Rivières, celles qui arrosent les vergers d'Arménie, celles qui en torrent ont façonné le Grand Caucase en Géorgie, celles qui ont creusé ces gorges pittoresques, telles celles du Vorotan en Arménie, rivière que  nous croisâmes et recroisâmes, ou celles de Varzia en Géorgie où nous passèrent deux journées. Justement, l'arrivée au gîte de Varzia demanda là de terminer le chemin à pied, en traversant un pont métallique qu'on aurait crû de loin sans protection aucune.

Au-dessus du Vorotan, un autre pont métallique bien plus long et à usage touristique enjambait la vallée profonde en ondulant ostensiblement pour l'amusement des adultes et le plaisir des petits (grottes de Khndzoresk, comme ça se prononce). Plus spectaculaire, excitation pour le petit et vue splendide pour les autres, le téléphérique 'horizontal' de Tatev, qui vole au-dessus de la vallée jusqu'au célèbre monastère (je sais, j'aurais dû résister pour le lien). Bien plus rapide que la route, ce téléphérique figure au Guiness Book (pardon, Guiness Site) des records.


Khndzoresk





Les torrents se traversent autrement, parfois à poutre comme sur la photo, mais plus généralement à pied, en sautillant-glissant de pierre à caillou. Inévitablement vint celui un peu plus gros (le torrent, pas le caillou) près de Juta (Kazbegi): déchaussés, courage à deux mains, chaussures dans la troisième main, ma fille et moi eurent l'eau jusqu'aux genoux, peinant à tenir face au courant, tenant le petit chou par la (quatrième) main -- pour lui c'était quasiment jusqu'à la hanche - merci Grand Soleil du Caucase pour ton action salvatrice.

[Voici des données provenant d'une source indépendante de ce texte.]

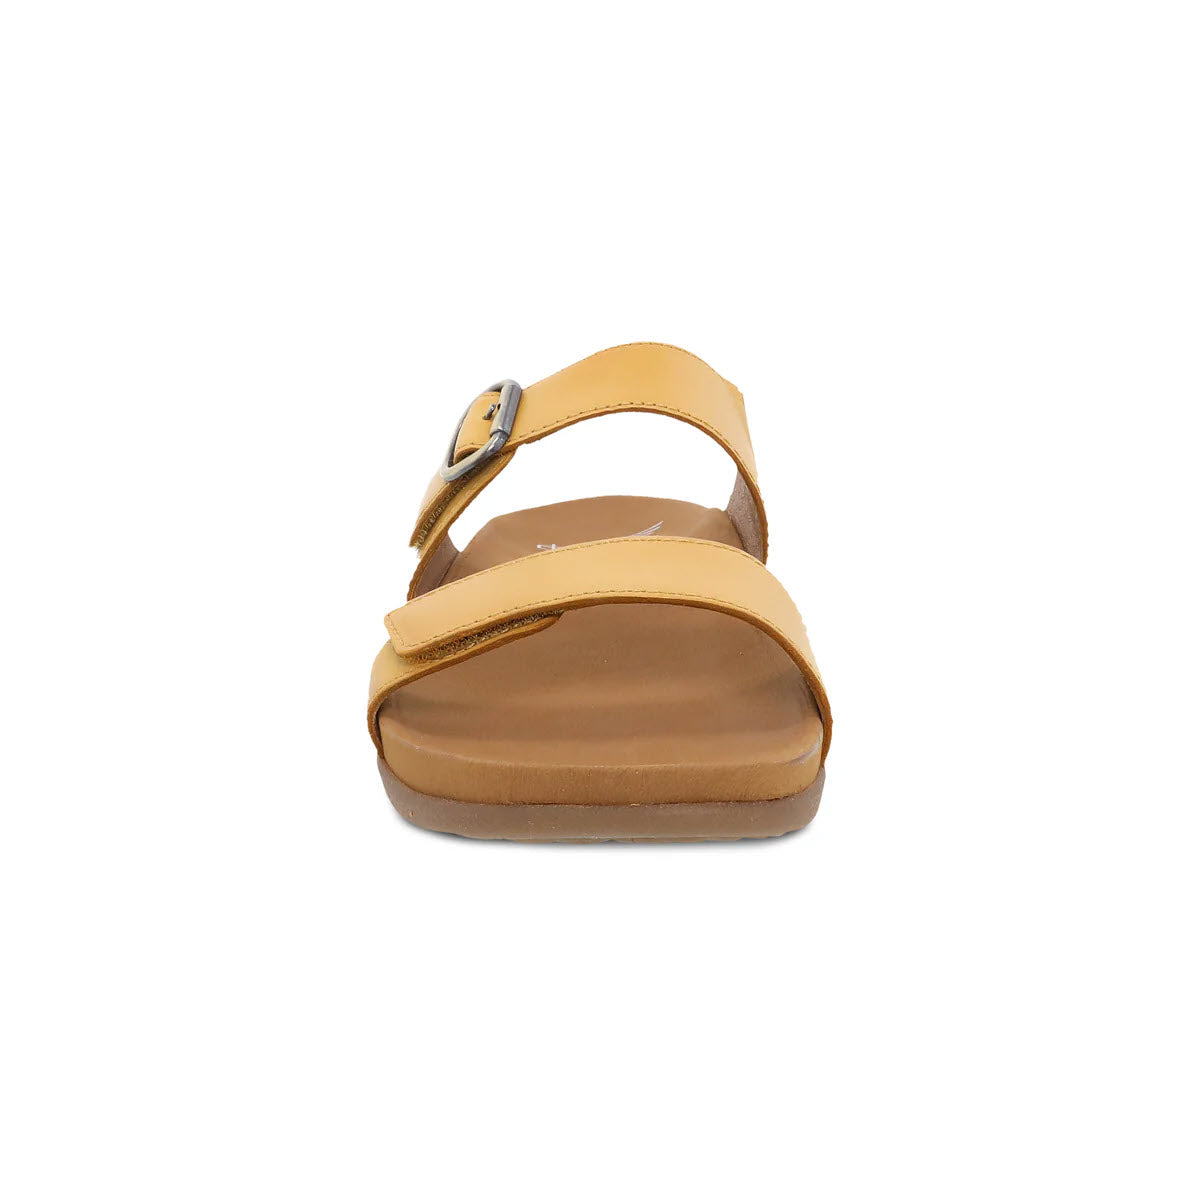 A single Dansko tan slide sandal with a thick strap over the toes and a thinner ankle strap, displayed against a white background.

Toujours dans la région, un de ces petits torrents, très raviné, fût trop difficile à franchir pour le cheval qui emmenait le petit - eh oui, nous eûrent ce plaisir et privilège d'une balade  à pas normal, puisque les propriétaires de ce magnifique "5th Saison" avaient gentiment accepté de nous louer le cheval sans guide, confiants d'avoir vu ma grande à la manoeuvre. Pour la petite histoire, le cheval traversa finalement plus loin, guidé par notre spécialiste, tandis que les messieurs déchaussèrent une fois de plus.